Unfortunately, Lodhi Gardens are either known as the space where South Delhi folks are seen power-walking or a spot for amateur photographers trying to brighten up their Instagram feeds. It is seriously underappreciated for being sunny, filled with natural beauty, and striking monuments. Go there on a sunny afternoon with a book or your earphones for some peaceful and relaxing time. It is a 30-rupee auto ride away from Lok Kalyan Marg metro station.

2. Old Delhi

Old Delhi has some of the most well-known monuments of Delhi, such as Jama Masjid and Red Fort, and is also not too far away from Rajghat. It is also filled with lanes which house renowned restaurants that are being run by same families for generations.
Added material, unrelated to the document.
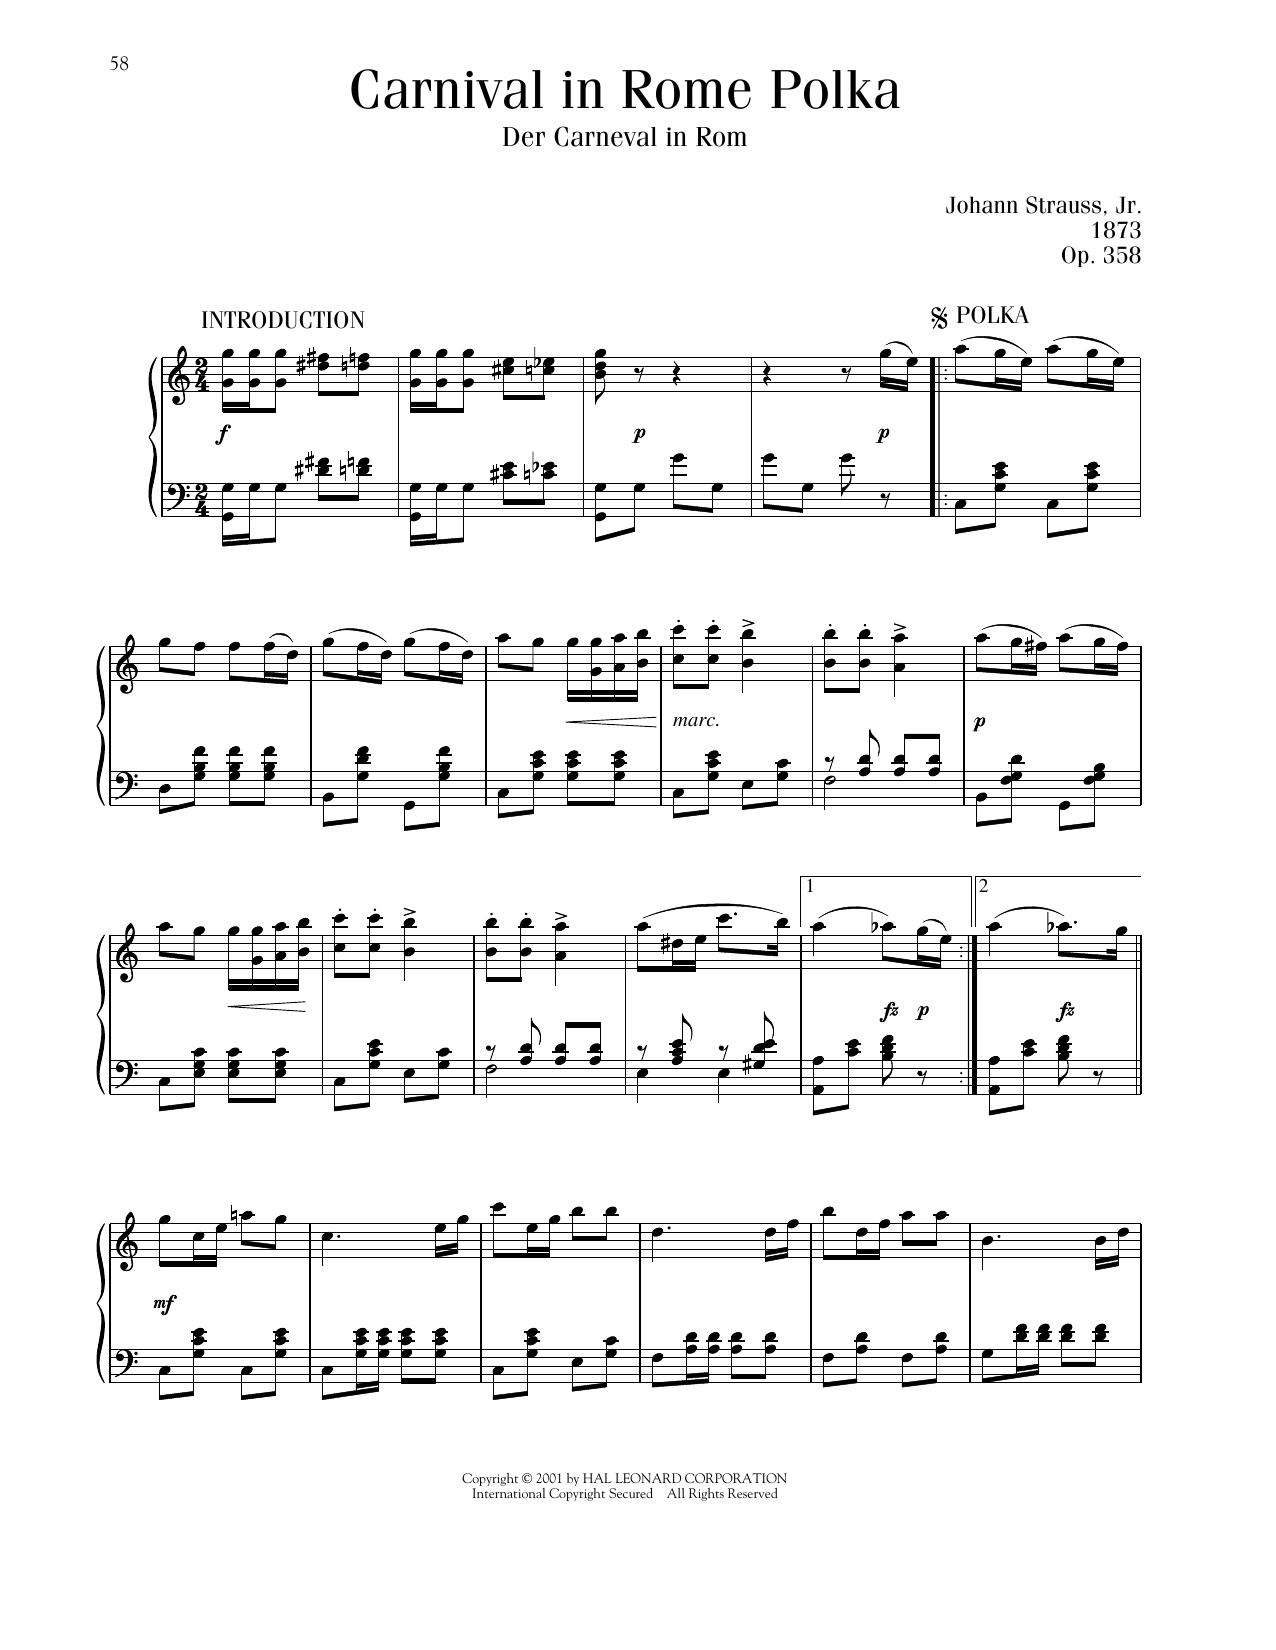 Johann Strauss Carnival In Rome Polka, Op. 358 sheet music notes printable PDF score

So go out for a walk through Old Delhi, have a look at the view of the city from the tall minarets of Jama Masjid, stop for a bite of Kebabs or Rabdi Parantha, and end your day with the serenity of Rajghat.  You can reach Old Delhi via Chawri Bazar and Chandni Chowk metro station on the Yellow Line or Jama Masjid metro station that is on the Violet Line.

3. National Gallery of Modern Art

Located close to the Khan Market metro station, the National Gallery of Modern Art houses paintings, sculptures, and other works of art by artists from all over the world. It also has a gift shop that has cheap postcards featuring paintings from the museum. India Gate is also close by, with its variations of bhelpuri and numerous ice cream stalls. At its other end on Rajpath, along with the Rashtrapati Bhavan, are the North and South Blocks that seat some of the most important government ministries and have beautiful European architecture.

4. Delhi Zoo

Going to the zoo might seem drab and boring, but for one it’s something very different from going to the movies or the usual things we do. It’s relaxing, and with the right kind of company, it can be a memorable activity.  The Delhi Zoo is located near the Purana Quila, closest to the Pragati Maidan metro station.